I lived in Santa Cruz from 75 to 84 and rode all those roads many times, also Mountain Charlie Road, Eureka Canyon road. . I used to ride on the Saturday ride with the Bicycle Center guys, which were Tim Neenan, Robert Wright. I was more of a tourist back then and rode an Eisentraut Limited that I bought from Roger at the Bike Center. That was when the store was where the Greek restaurant is now. The new store across the street was in the planning stages at that time.


----------



## BikeLayne (Apr 4, 2014)

wgscott said:


> I work at the university. I just sent a pm to you with my email address.

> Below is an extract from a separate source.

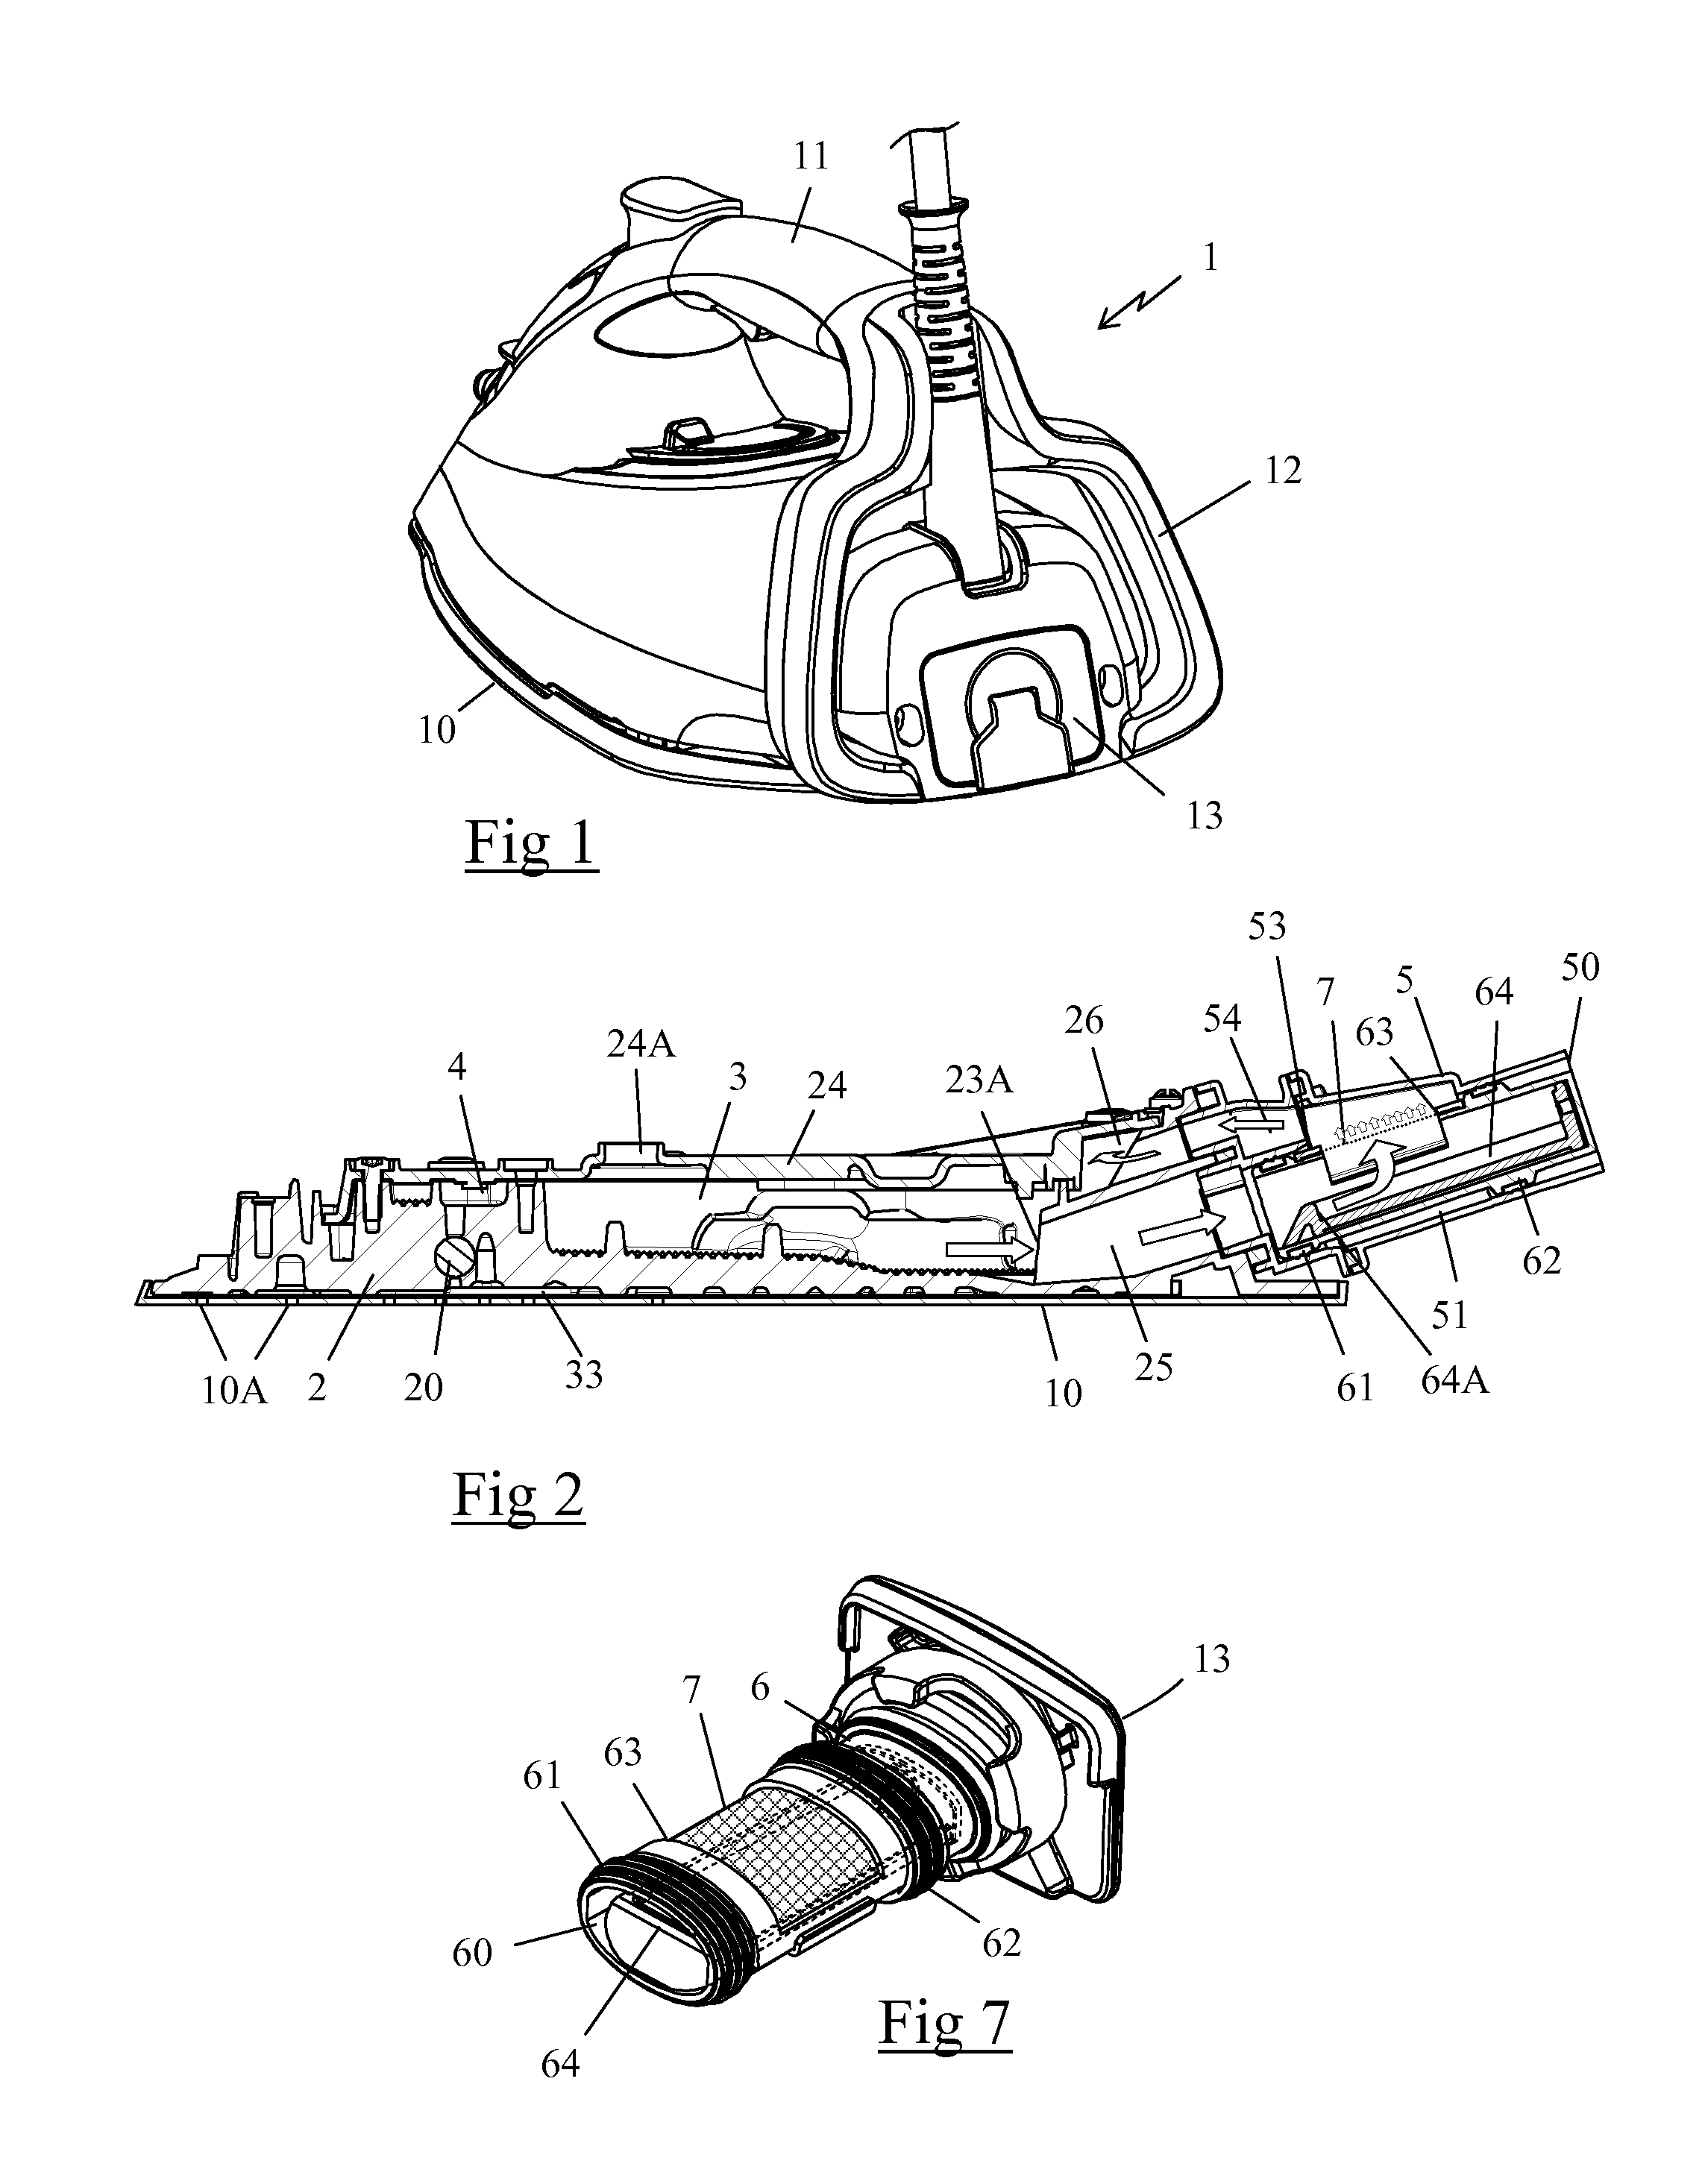 Household Appliance for Ironing with a Filter for Retaining Mineral Particles Carried by the Steam

 My daughter graduated from UCSC and my son-in-law (a cyclist) earned his Masters from UCSC. Actually my daughter is applying for a Masters of Education at UCSC. I think applications occur in January.


----------



## RangerDD (Aug 6, 2012)

BikeLayne said:


> I lived in Santa Cruz from 75 to 84 and rode all those roads many times, also Mountain Charlie Road, Eureka Canyon road. . I used to ride on the Saturday ride with the Bicycle Center guys, which were Tim Neenan, Robert Wright. I was more of a tourist back then and rode an Eisentraut Limited that I bought from Roger at the Bike Center. That was when the store was where the Greek restaurant is now. The new store across the street was in the planning stages at that time.

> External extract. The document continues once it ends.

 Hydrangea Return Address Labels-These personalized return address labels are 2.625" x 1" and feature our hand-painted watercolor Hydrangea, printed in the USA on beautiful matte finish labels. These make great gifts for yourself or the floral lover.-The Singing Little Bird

Small world! I wrote an article for Good Times about bicycling in Santa Cruz in 1975. That brought me to meet Roger and Tim, who explained bike clothing to me (pad in crotch, pockets on back of jersey, etc.). Back then I wore cutoffs and Converse All Stars on my Raleigh Super Course, but Tim invited me to join their Saturday rides to Swanton anyway. I never got up the courage to do it, which was probably a good thing because I would have gotten totally obliterated. In time I became a more serious cyclist and later re-encountered Tim in Santa Ynez, where he relocated and ran the annual Gourmet Century.


----------



## wgscott (Jul 14, 2013)

Here it is after its first firmware update:


----------



## robt57 (Jul 23, 2011)

A picture after the firmware update?? Really? How do we know you didn't take it before ? 

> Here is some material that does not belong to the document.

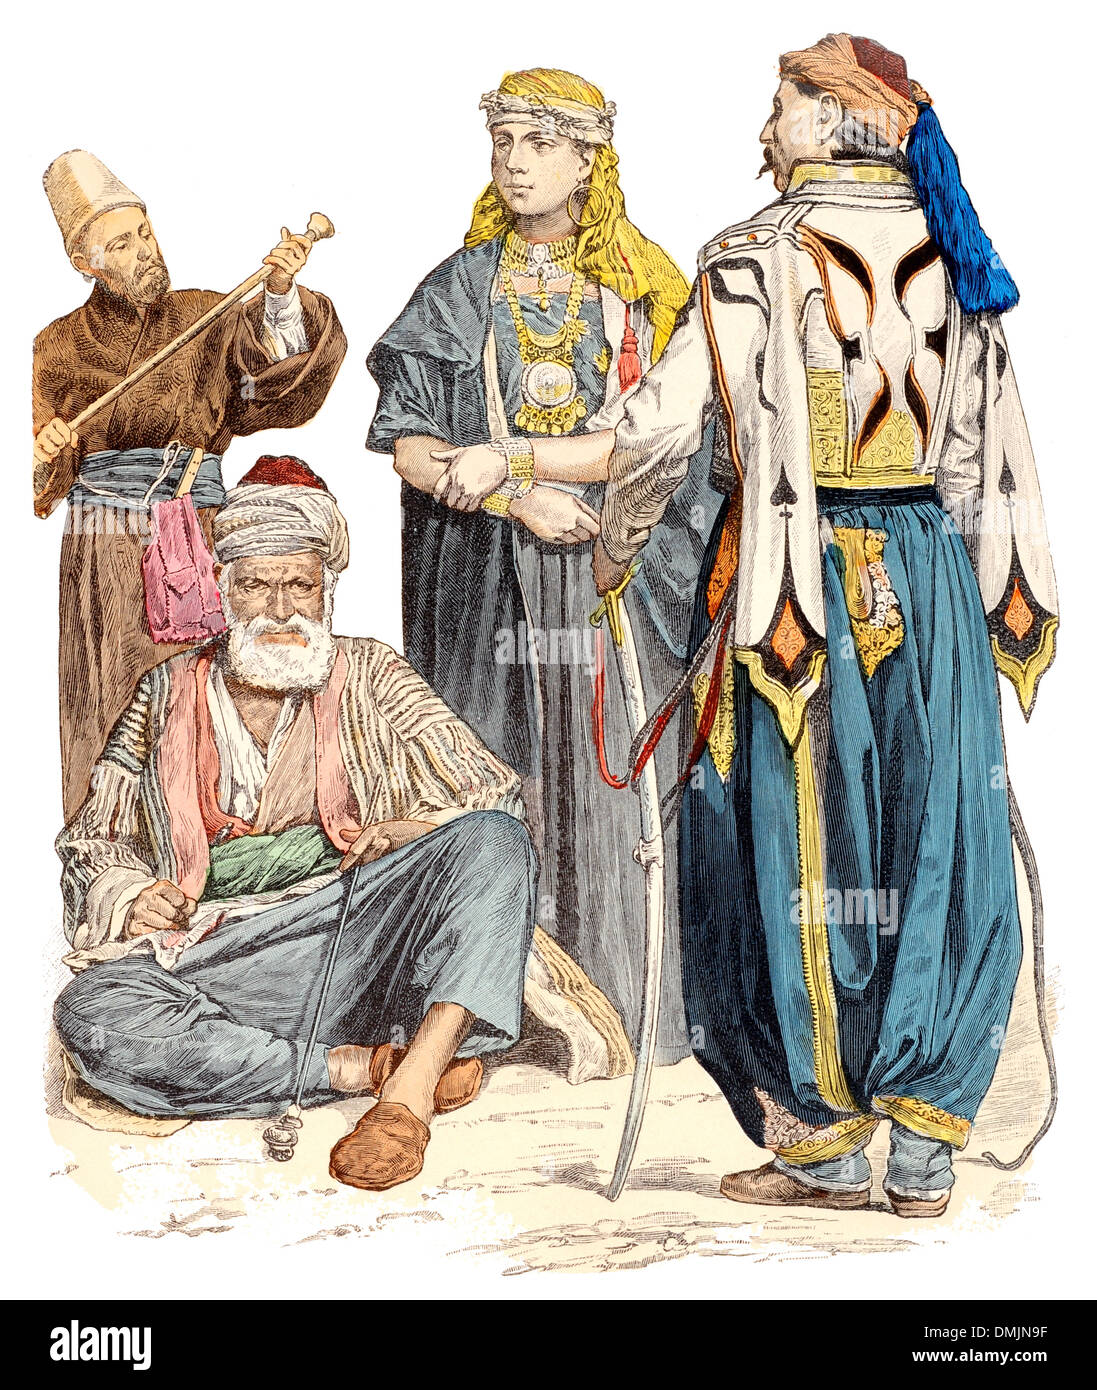 19th century XIX 1800s (Left to right) A Dervish, Syrian man, Druze woman and a man from Damascus Stock Photo

The Strong Frame I have in the que in Bozman is very similar, albeit a lot greener. 

I really like the blue, the way it pops...



wgscott said:


> Here it is after its first firmware update:


----------



## wgscott (Jul 14, 2013)

I had to bring it into the living room and reboot the mac mini into Windows8.1. It was traumatic for all of us, but the operation went smoothly.


----------



## Opus51569 (Jul 21, 2009)

wgscott said:


> I had to bring it into the living room and reboot the mac mini into Windows8.1.


You monster! What could that poor Mac have possibly done to deserve that kind of punishment? 

Nice bike, though.


----------



## wgscott (Jul 14, 2013)

I obtained a DVD. When played backward, it has satanic lyrics. When I played it forward, it installed Windows.



> Nice bike, though.


Thanks. The engine kind of sucks.


----------



## whateveronfire (Sep 27, 2005)

Hi there, Just saw this thread. I want to get a custom ti next year and agree with you about going "local." I'm in SoCal, so I'm defining local pretty generously. 

I know yours is steel and I want ti, but can you describe the ride quality a little? Snappy? Comfortable? I don't want to kick tires until I'm pretty sure he's the builder I want to go with.

Thanks!


----------



## wgscott (Jul 14, 2013)

Sorry, didn't see your post until just now. I purposefully asked for a bike that was more comfortable and stable rather than twitchy and snappy, and that is what I got. I think it might be a bit atypical of his builds, so it isn't probably the best representative of how they ride. I ride mine over tree roots and rocks and crappy roads (intentionally) and am constantly amazed with how well it handles, and am almost at the point of selling my mountain bike (since there is such a high resale demand for ten year old 26" full suspension bikes) since this thing can pretty much go anywhere I want to take it.

I realize this doesn't answer your question, but I what I can say is he will listen carefully to your requirements and design a bike around them. He's got a few bikes you can test ride, so it might be worth shooting him an email and arrange a visit.

Given that the titanium frame is only $1K more than steel, it has to be one of the best deals around.


----------



## whateveronfire (Sep 27, 2005)

sorry duplicate post


----------



## wgscott (Jul 14, 2013)

The waiting is the hardest part. Even though I was fairly early in recovery from an injury, at one point I almost cracked and bought an over-the-counter bike, but I didn't want to deal with reselling it.

I have yet to hear of a dissatisfied customer.


----------



## whateveronfire (Sep 27, 2005)

Thanks for the reply.

I contacted John last week. Your description about working with him is spot on (so far). Super nice, really informative, not judgemental. I'm really glad to have found a Cali builder whose work I like and who's approach fits me. Since this will be my only custom bike, I'm beyond excited.

Put my deposit down today. Ti adventure road coming in the spring.

BTW, I'm in higher ed, too. I work at CSU, Northridge.


----------



## wgscott (Jul 14, 2013)

Great news. Congratulations. What dept?


----------



## whateveronfire (Sep 27, 2005)

sorry duplicate post


----------



## whateveronfire (Sep 27, 2005)

sorry duplicate post


----------



## whateveronfire (Sep 27, 2005)

Undergraduate Studies. You?


----------



## wgscott (Jul 14, 2013)

.... .....


----------



## wgscott (Jul 14, 2013)

......


----------